Abstract

Multiple sclerosis (MS) is an autoimmune demyelinating disease and a common cause of neurological disability in young adults. The modest heritability of MS reflects complex genetic effects and multifaceted gene–environment interactions. The human leukocyte antigen (HLA) region is the strongest susceptibility locus for MS, but a genome-wide association study recently identified new susceptibility genes.
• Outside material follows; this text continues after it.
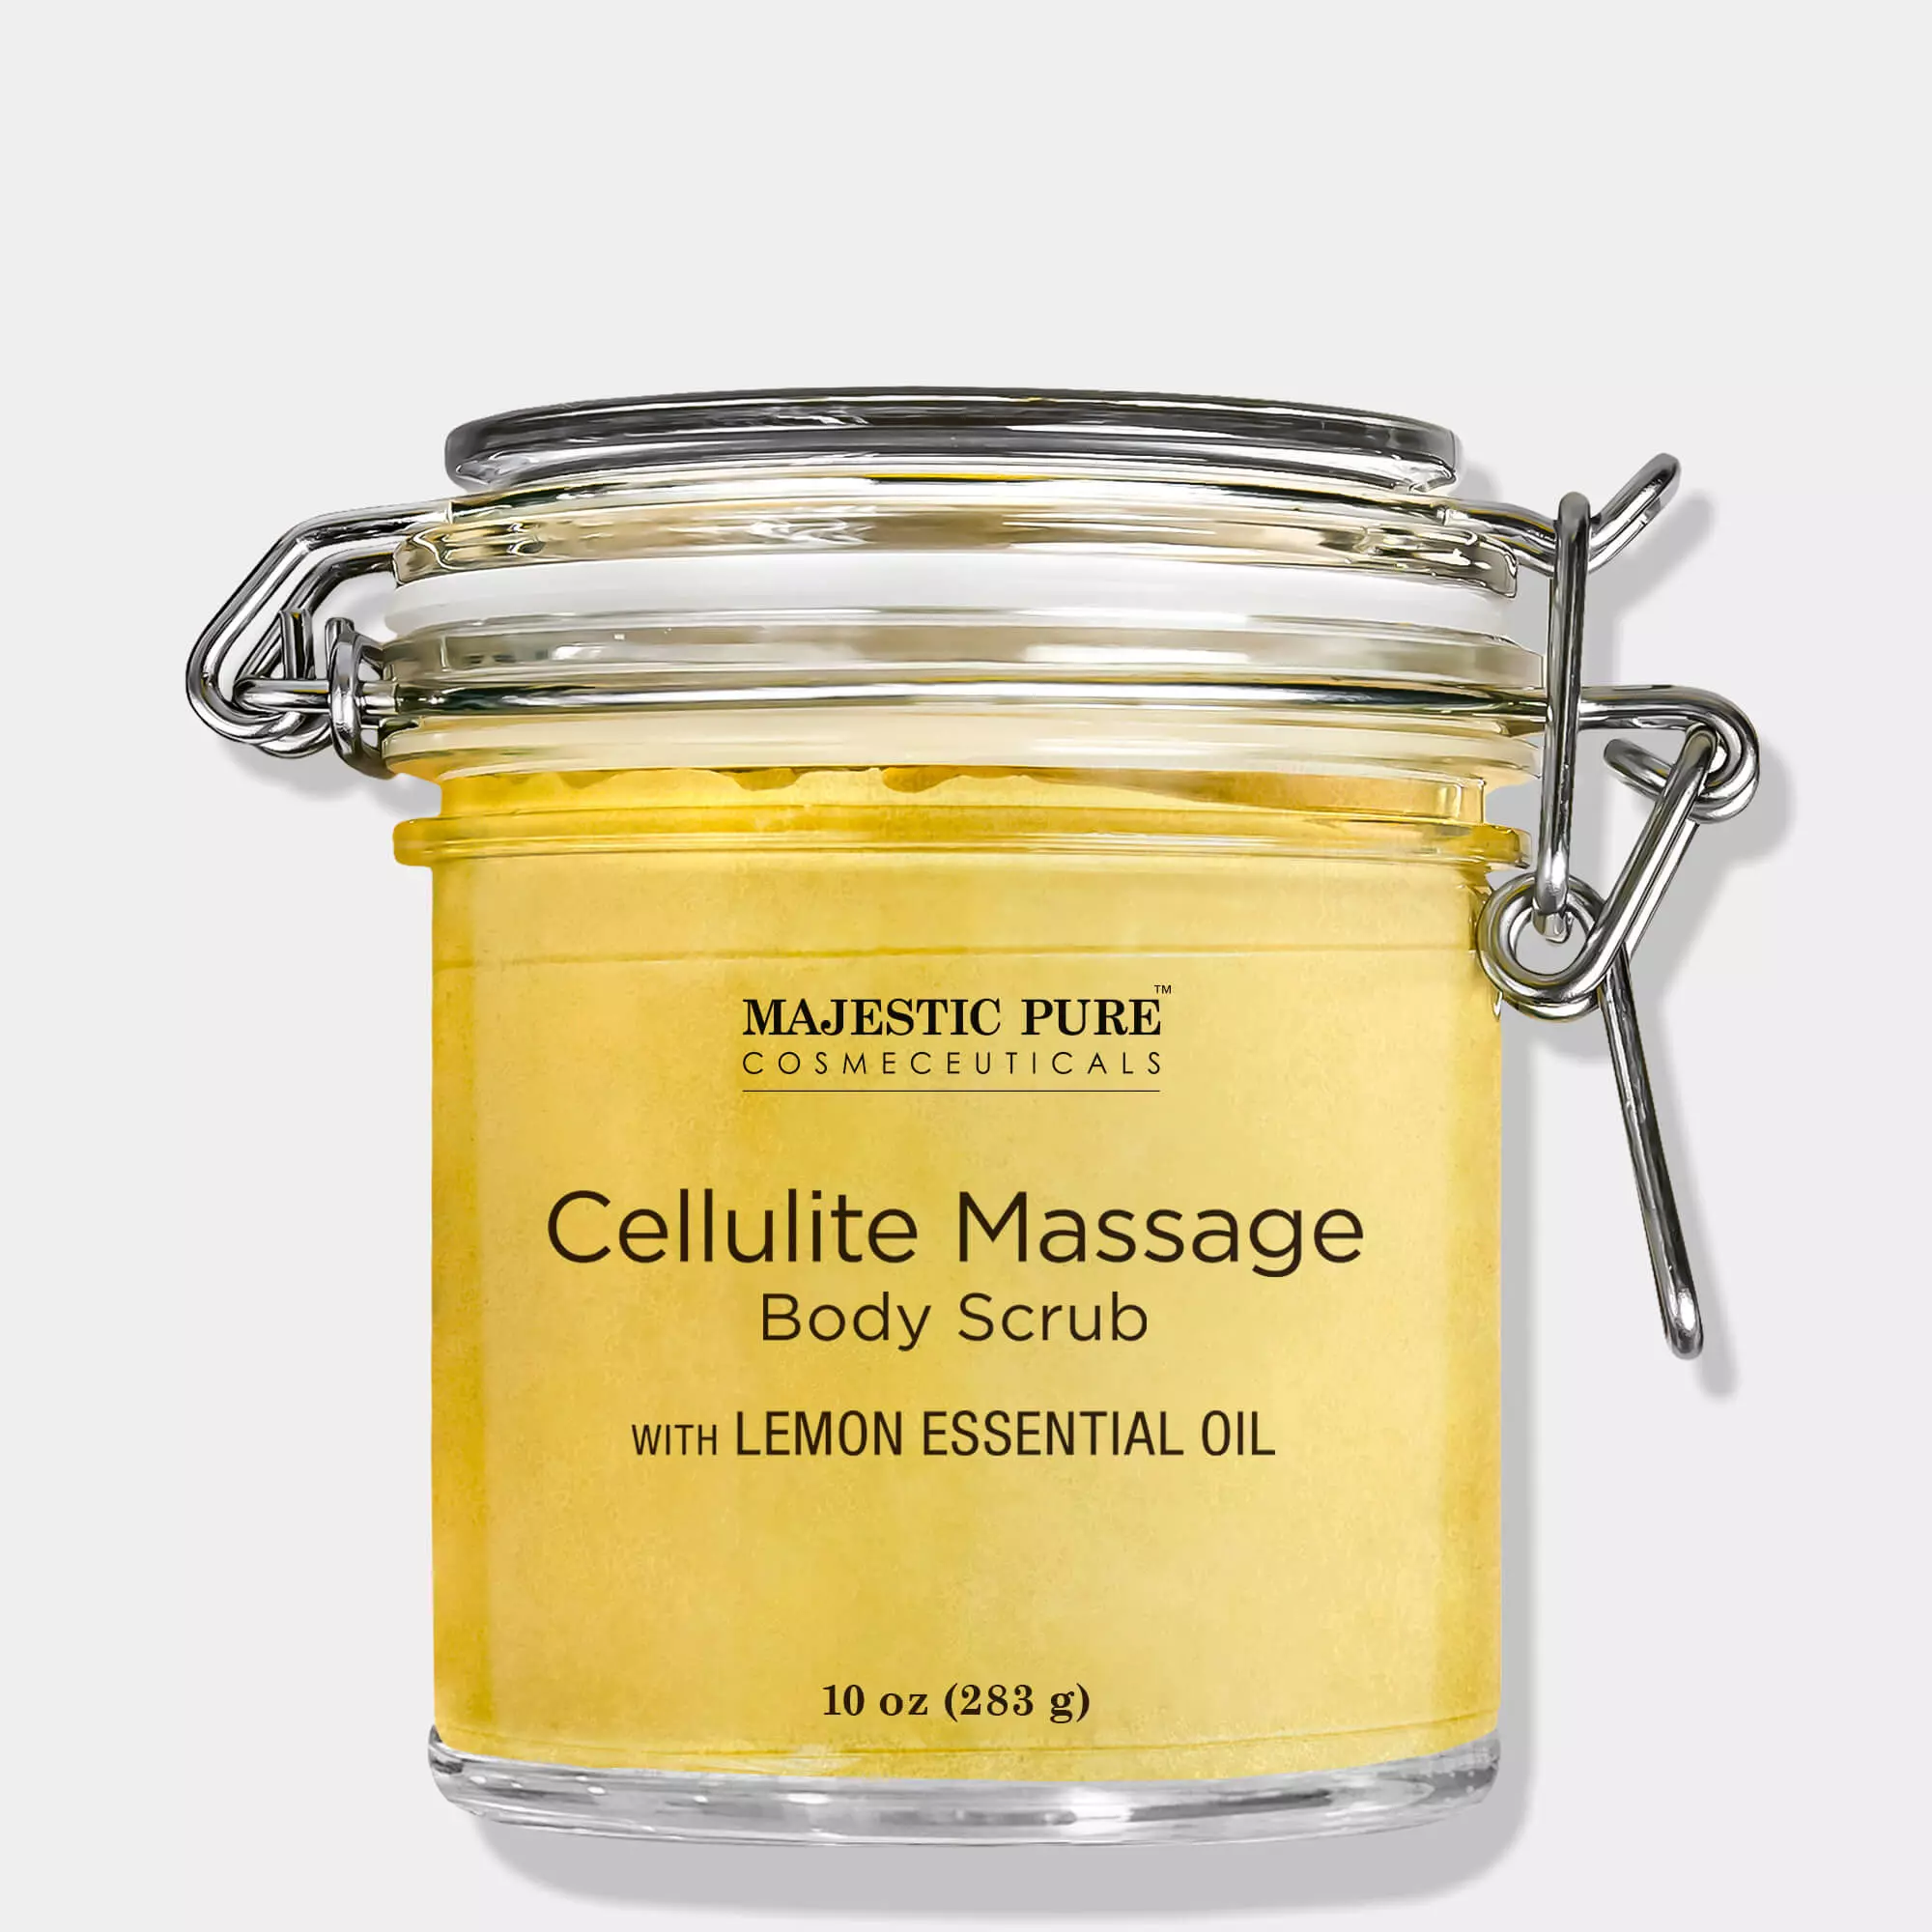 Majestic Pure Cellulite Massage Body Scrub

Progress in high-throughput genotyping and sequencing technologies and a better understanding of the structural organization of the human genome, together with powerful brain-imaging techniques that refine the phenotype, suggest that the tools could finally exist to identify the full set of genes influencing the pathogenesis of MS.

Author affiliations

1. Department of Neurology, School of Medicine, University of California at San Francisco, 513 Parnassus Avenue, San Francisco, California 94143–0435, USA.
2. Department of Clinical Neuroscience, University of Cambridge, Addenbrooke's Hospital, Hills Road, Cambridge CB2 2QQ, UK.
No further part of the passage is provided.